I took up adult coloring books a few years ago and didn’t realize it could be used as a form of meditation, but I did have a lot of fun with it and I loved how all my pages ended up. I’m not sure why I stopped.

But I did discover there were adult coloring book apps! And that’s been super fun. I’ve been working on shading and lighting with it. I love that they offer different brush textures without actually physically having them. And watercolor is definitely less messy lol.

Another thing I do is play video games; I loveeee gathering and crafting in any game. I’m so use to knowing where my mats (materials) are on the FFXIV map that I use very little thinking power to get through gathering then back to my house in game and craft. I usually put on music and it’s just a super relaxing process for me. I enjoy it so much and I feel much better after awhile (plus making money on an MMORPG is never a waste of time lol).

Same with Animal Crossing New Horizon; the fact we can now gather and craft is THE BEST THING to me. But also pulling out weeds or fishing. I LOVE fishing on video games as well.

I’ve lost my touch on actually meditating and it’s pretty hard to get back into when you don’t live alone anymore and there’s a toddler running around. So I’ve had to find other ways to meditate that makes it look like mommy’s freakin busy ok?

But this can literally be anything to anyone; cleaning, lifting, running, find the thing that helps you.

| Call up a friend who makes you feel like your soul just hit refresh

My person is my brother ThisWae or Sean, as I know him. There’s just something about being around him and his energy that makes me feel like my energy just hit refresh. And people can say what they want about him/how he appears but this dude seriously has helped me through so much; from encouraging me to learn to meditate, constantly encouraging me to get up and work, for reminding me that he thinks I’m dope af every time I feel like the world doesn’t need me. And he’s suggested books and podcasts and all kinds of things to help me with my mental health. Oh, and he’s always ready to get up in someone’s face the second they say anything bad about me.

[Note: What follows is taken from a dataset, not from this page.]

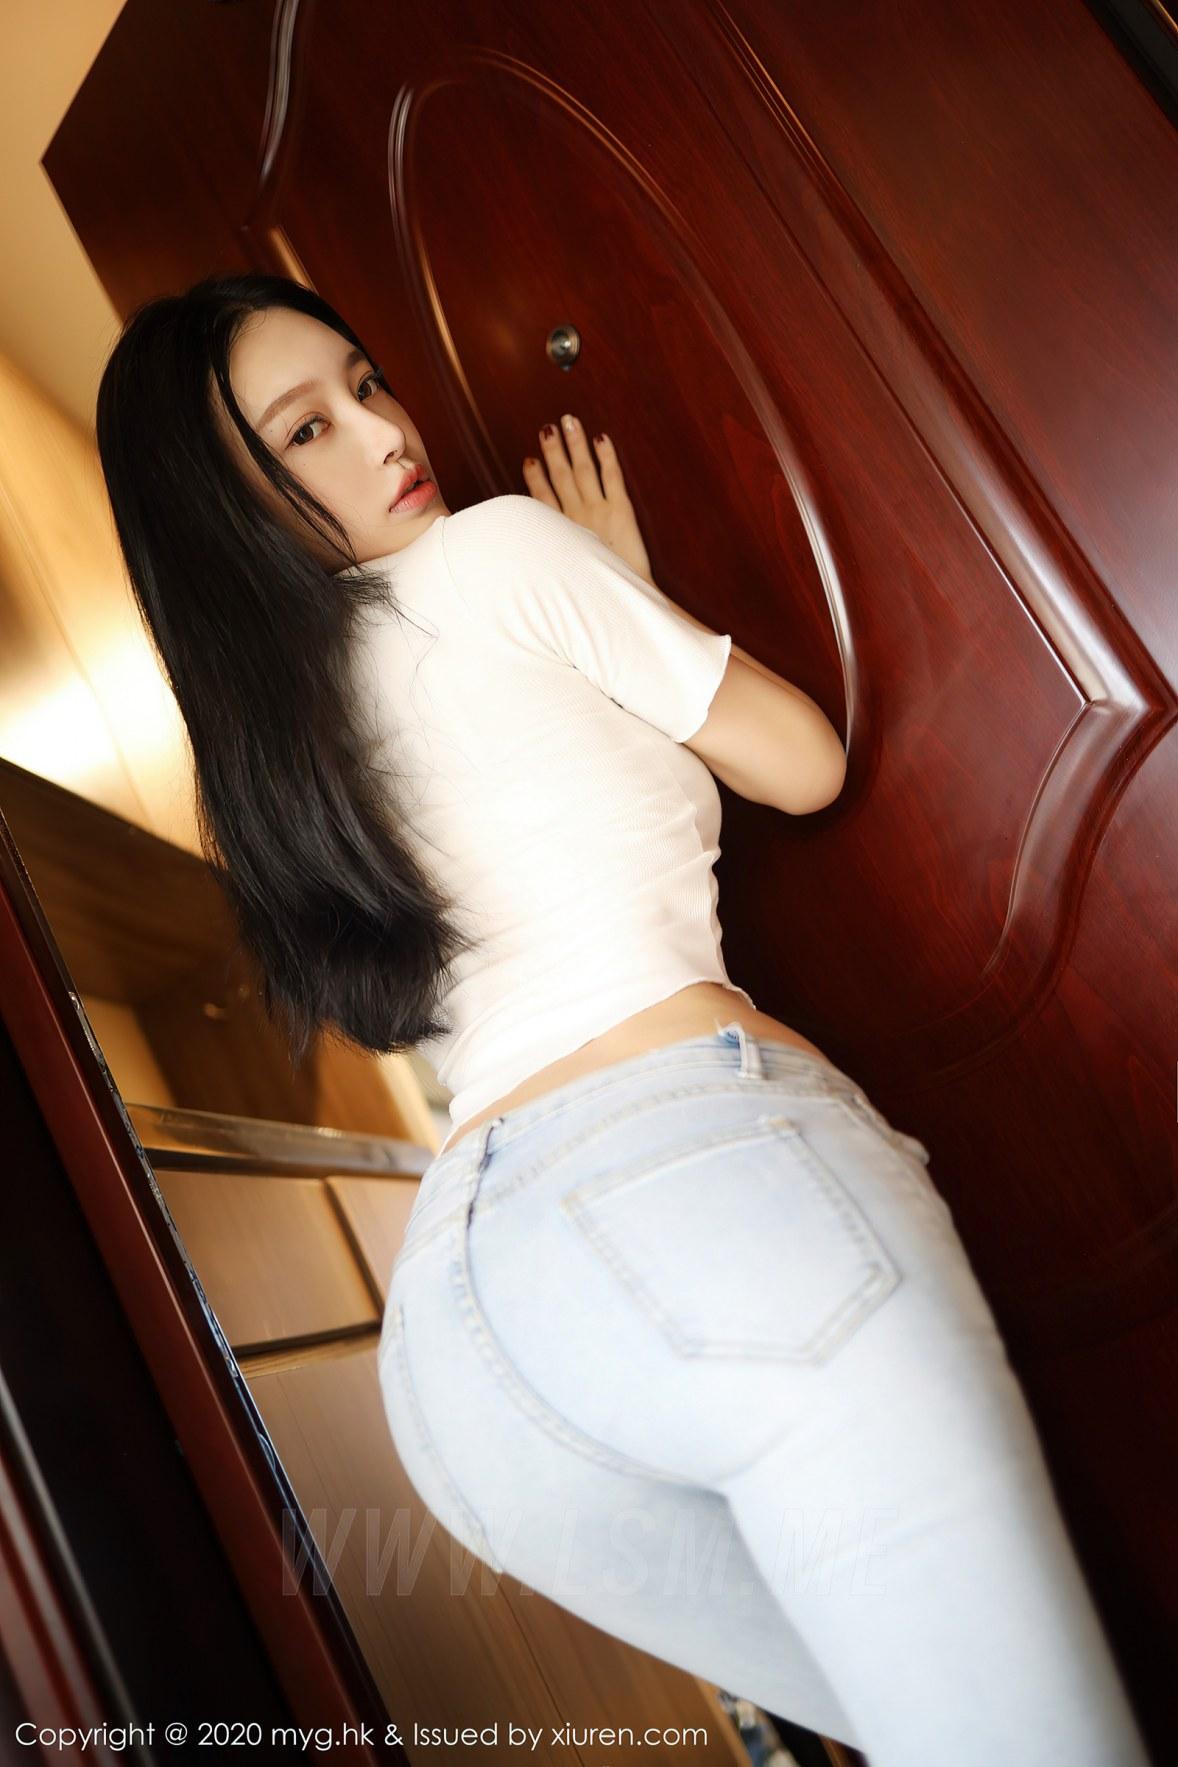 MyGirl 美媛馆 Vol.459 紧身牛仔裤 唐琪儿 - 3

I also have my girls, who are always there to make me laugh and let me vent until I’m out of air if I needed to.

But if you don’t have people like that in your life (cause I’ve been there too); if you have a favorite streamer or youtuber whos content puts your in a better mood or a tv show, that also is a helpful boost.

I’ve even gone as far as going through the people I follow on social media and made sure my feed is one that bursts with creativity and positivity. Even making little changes like that make a difference.

| Stick to your boundaries

Bonus, and the most important one.

When it comes to your space and your energy, it’s important to keep your boundaries. I know this can be hard because sometimes eliminating the people who feel toxic and make you feel drained and foggy may be family members. And you may want to stay out of drama; but being around people who feel like they suck the energy out of you isn’t good either. All it does is build irritation and resentment, especially if you’re aware.

Boundaries are especially important now during this pandemic since it’s becoming clear who takes covid seriously and who doesn’t. Who has you and your family’s best interest at heart and who doesn’t. It’s not worth risking the health of you and your family to “keep peace”.

YOU are YOUR first priority; cause at the end of the day, at the end of this life, it’s just going to be you, your thoughts and the choices you made. No one is going to be with you six feet under buried with you.

So make sure that this life, the only life we get, is as clear of negativity as much as possible.